J'ai déjà fait cette démonstration ailleurs: c'est la capacité de la gare de l'Aéroport qui est insuffisante: chaque train arrive à l'Aéroport par la voie côté Jura, et en repart par la voie côté Lac. Que ce soit en arrivant (s'il stationne sur l'une des deux voies Lac) ou en partant (s'il stationne sur l'une des voies Jura), il doit cisailler l'une des deux voies: à l'endroit du cisaillement, il occupe deux voies simultanément: tout se passe comme si la gare de l'Aéroport n'était desservie que par une voie unique.

Il suffira de transformer la gare de l'Aéroport en gare traversée, par la réalisation de la boucle, pour que la capacité de la gare passe de 6 à 30 (15 par sens).

Les avantages de la boucle sont immenses. Si on se contente d'une desserte de l'Aéroport par 6 trains par heure, comme le prévoit le schéma auquel vous vous référez, la boucle aura pour effet de réduire le trafic sur le tronçon de Châtelaine de 12 trains par heure (6 par sens) à 6 trains par heure, 3 par sens.

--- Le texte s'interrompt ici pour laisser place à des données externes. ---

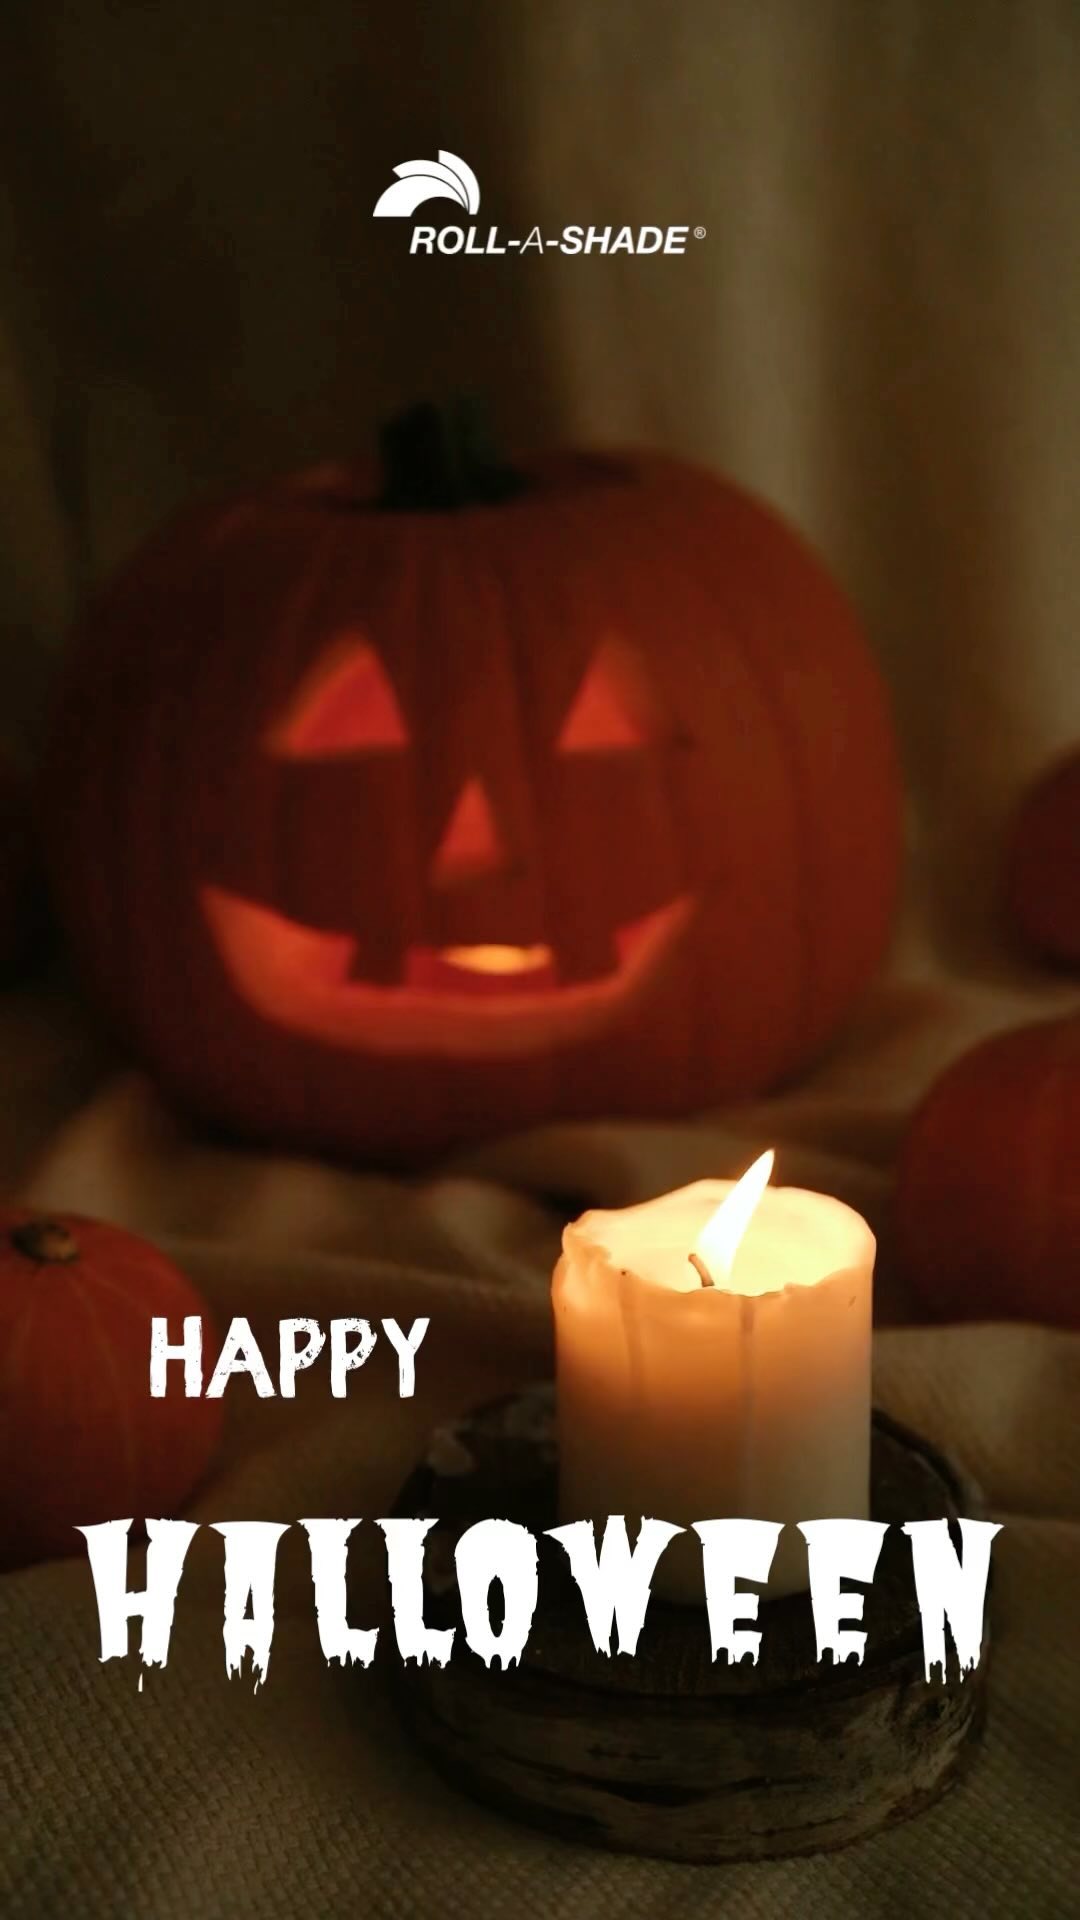 Happy Halloween! 🎃👻 
#spooky #halloween #pumpkincarving #candy #pumpkin

Et, bien sûr, cette réduction massive (50 %) facilitera l'organisation d'un horaire efficace et généreux.

Mais surtout, cette simple boucle rend inutile la construction de la "Raquette", devisée à 2 milliards, comprenant une seconde gare de l'Aéroport, située un étage en-dessous de la gare actuelle, et rend également inutile la seconde extension souterraine de Cornavin, puisque le trafic y sera divisé par deux: un train sur deux venant de la Côte vaudoise y passera après avoir passé par l'Aéroport, un train sur deux seulement y arrivera en direct par Sécheron.